The schooling system here is certainly harder...the first thing I remember when I came here was there was actually homework, and the students were like a class ahead. Similarly, Canadian Grade 12 is only like a bit more than half of the syllabus in A-Levels or Fsc. But again it shouldn't be a problem since in college, everyone is on a fresh start. So good luck!


----------



## sunny3027 (Oct 15, 2012)

thanks for your reply  im a girl, so im soo glad i dont have to go through that, i would be mortified 

and yea, thats one thing im bracing myself for; the workload. we get a deece amount in canada, but whenever i saw the load of my younger cousins in pak, ours seems way less.
are you planning on coming back to canada to practice, or stay in pak?


----------



## heartbreak (Jan 31, 2012)

Yes you would!

I'll let you know Canada barely accepts Pakistani graduates, it is possible but your chance is small. I plan to do MBBS from Pakistan and then head off to England for specialization because England recognizes them easily and these colleges actually are regarded very prestigious there. And since I have a Canadian nationality, it's no problem getting there. After specialization from England, you can practice about anywhere in the world except North America. Personally, I would like to work in Pakistan, most of my family's here, I'm pretty assimilated here. Plus, it's really just a fact that if you have enough money in Pakistan, there is no better place in the world. So I'd like to practice in Pakistan but a lot depends on how it all pans out and how the condition improves as it IA will. But again, with a degree from England, most of the world is open to you, so there's always the Middle East or if you really work hard, you can even continue in Canada but after a whole lot of exams.


----------



## Rehan (Jan 26, 2006)

A lot of our older members did go to med school in Pakistan from North America. A lot of Americans, and quite a few Canadians as well. As far as regarding the question of adjusting -- 90% of the people who go adjust just fine. 

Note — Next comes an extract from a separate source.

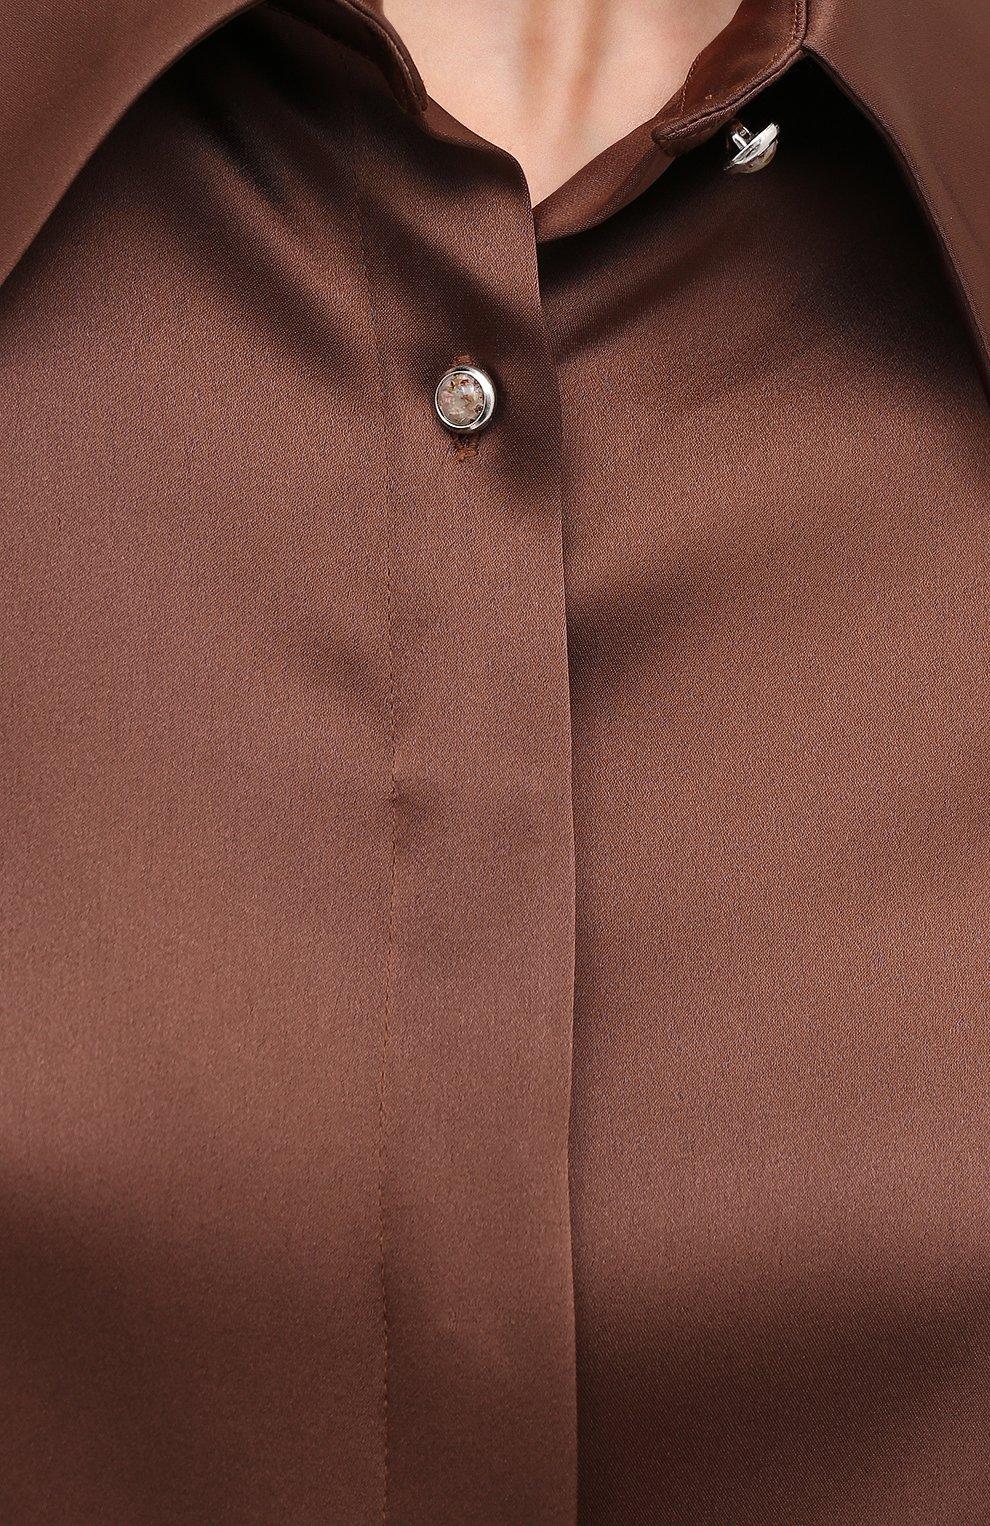 Женская блузка NANUSHKA коричневого цвета, арт. ALICE_BR0WN_SLIP SATIN   Фото 5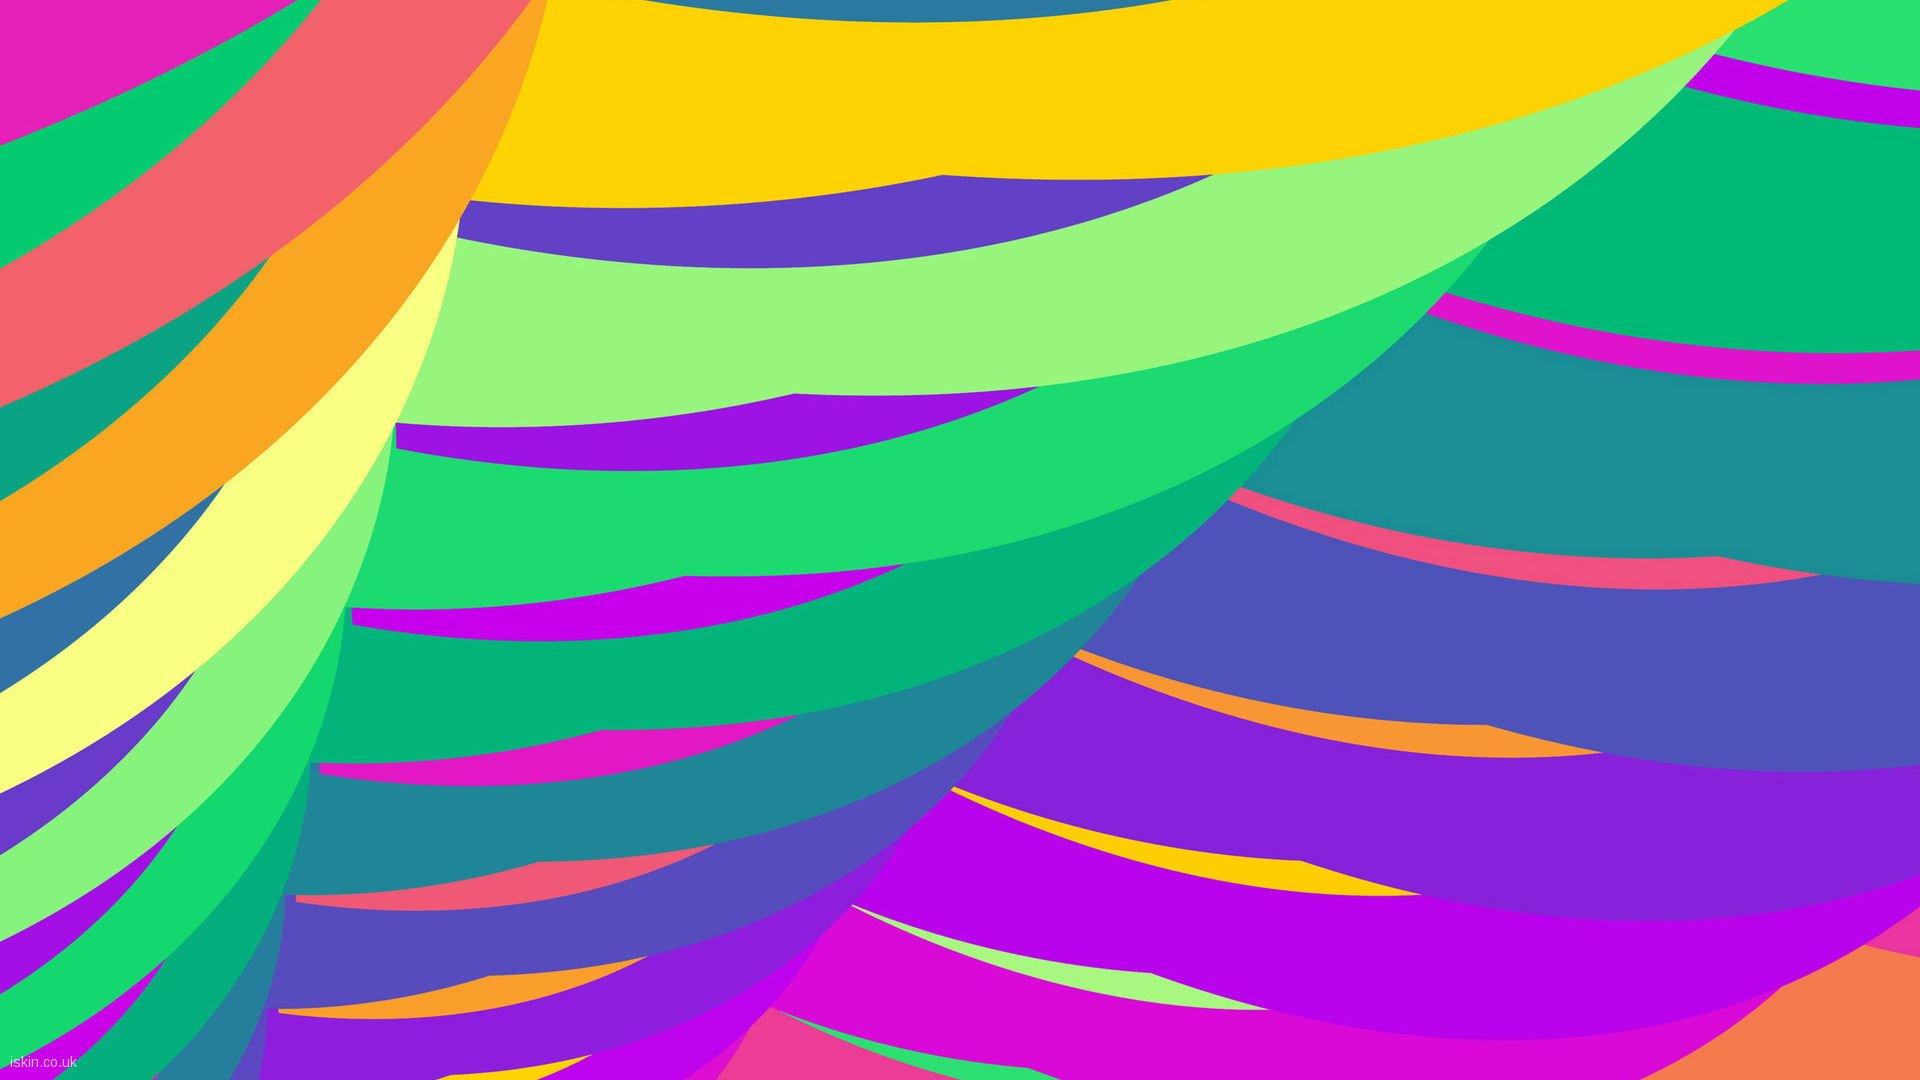 New Geometric Wallpaper Patterns Hd Cool Background Patterns

I have known people who didn't even have Pakistani parents go to Pakistan for med school and they did just fine. So that should put the adjustment question into a little perspective! 

Some of the older members do stop in from time to time and are happy to help answer questions when they see them but as most of us are busy with residencies and other career related work, we don't always get a chance to answer questions on here, but do rest assured that a lot of people go every year from the West, do adjust, and do become successful physicians.

Hope this helps.


----------